20 P.3d 583 | Alaska | 2001
Charlie N. FALCONER, Appellant,
v.
Donald F. ADAMS, Appellee.
Supreme Court of Alaska.
*584 Michael W. Flanigan, Walther & Flanigan, Anchorage, for Appellant.
Clifford W. Holst, Joan Unger, Anchorage, for Appellee.
Before MATTHEWS, Chief Justice, EASTAUGH, FABE, BRYNER, and CARPENETI, Justices.
OPINION
MATTHEWS, Chief Justice.
I. INTRODUCTION
Charlie Falconer sued Karla Taylor Welch and Donald Adams because of a motor vehicle accident. Falconer obtained a verdict against Taylor-Welch, but Adams was exonerated and was awarded attorney's fees and costs. The question before us is whether Adams or Falconer's attorney who has a lien on Falconer's judgment against Taylor-Welch is entitled to the judgment proceeds. We conclude that because Adams is not a party to Falconer's judgment against Taylor-Welch, the attorney's lien has priority.
II. FACTS AND PROCEEDINGS
On February 3, 1992, Karla Taylor Welch was driving a vehicle that rear-ended a stopped vehicle driven by Charlie Falconer. Falconer sued Taylor-Welch and a third driver, Donald Adams, who had allegedly forced Falconer to stop. A jury found that Taylor-Welch was negligent and that Adams was not negligent. Falconer's attorney filed a notice of an attorney's lien for attorney's fees and costs of $18,583 on any judgment in favor of Falconer. The trial court awarded attorney's fees and costs to Adams against Falconer for $10,623.25. After complex post-verdict proceedings, including an appeal,[1] a judgment of $13,873 was entered against Taylor-Welch in favor of Falconer.
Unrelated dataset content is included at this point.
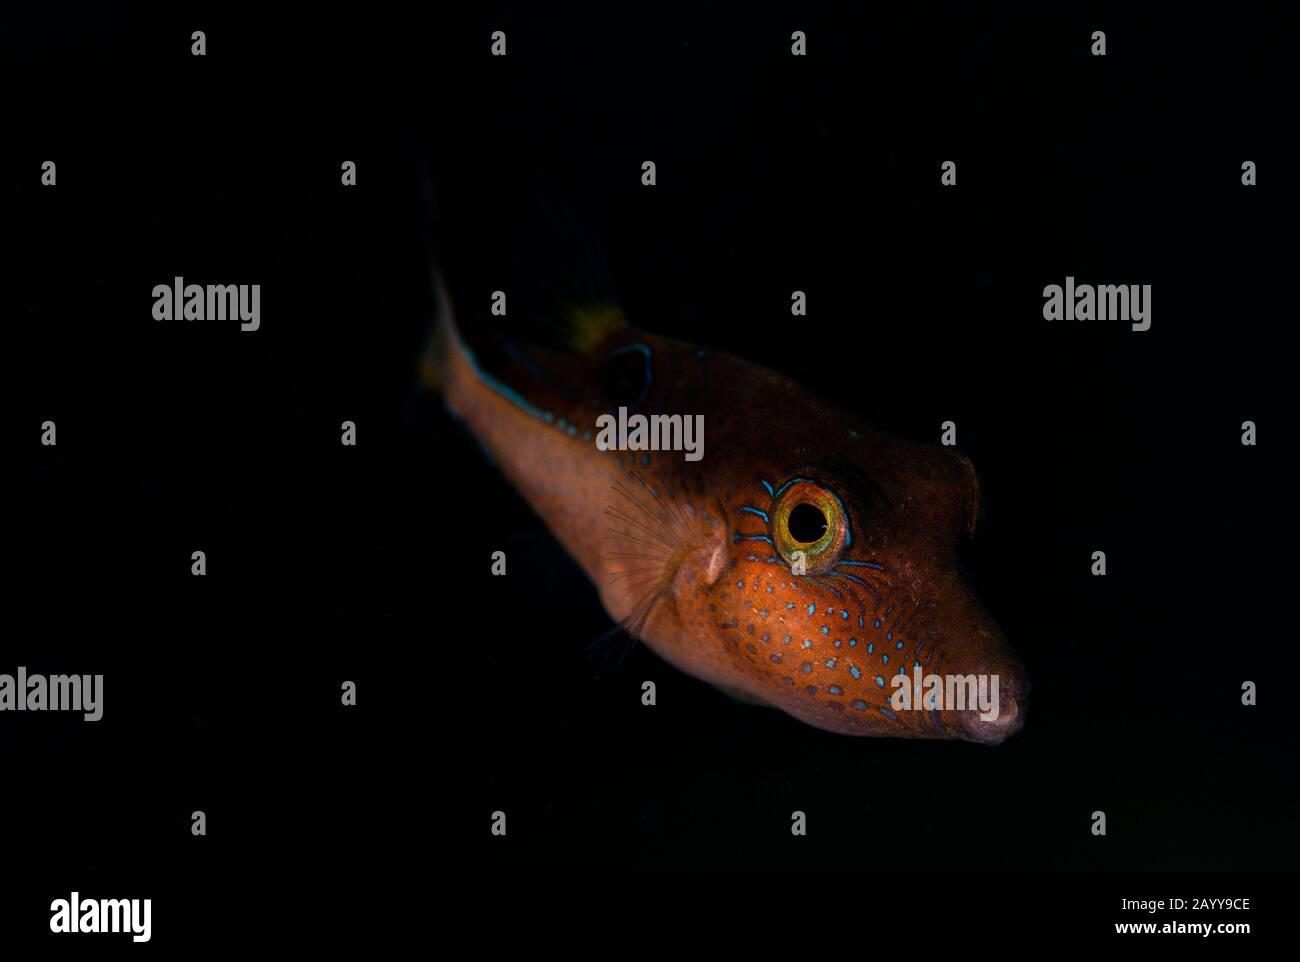 El farolero de la nariz del picor de a Valentin explora Buddy's Reef en Bonaire, países Bajos. El nombre científico es Canthigaster Valentine. Foto de stock

Adams and Falconer disputed who was entitled to the Taylor-Welch judgment proceeds. The trial court initially ruled that Falconer's attorney had first priority. But after Adams filed a motion for reconsideration, the court ruled that Adams had priority. Falconer appeals.
III. STANDARD OF REVIEW
The question of priority is a legal one, to which we apply our independent judgment.[2] We will "adopt the rule of law that is most persuasive in light of precedent, reason, and policy."[3]
IV. DISCUSSION
Falconer argues that the attorney's lien has priority over Adams's claim both under AS 34.35.430[4] and the "common fund" *585 doctrine. Adams contends that AS 34.35.430(b) gives him priority over the attorney's lien and that the common fund doctrine is inapplicable. Because we conclude that the attorney's lien has priority under AS 34.35.430, we do not resolve the common fund doctrine argument.
Adams argues that AS 34.35.430(b) subordinates the attorney's lien to his claim. Falconer responds that Adams is a judgment creditor who needed to garnish the judgment in favor of Falconer before the attorney's lien attached, rather than a party whose rights supercede the attorney's lien.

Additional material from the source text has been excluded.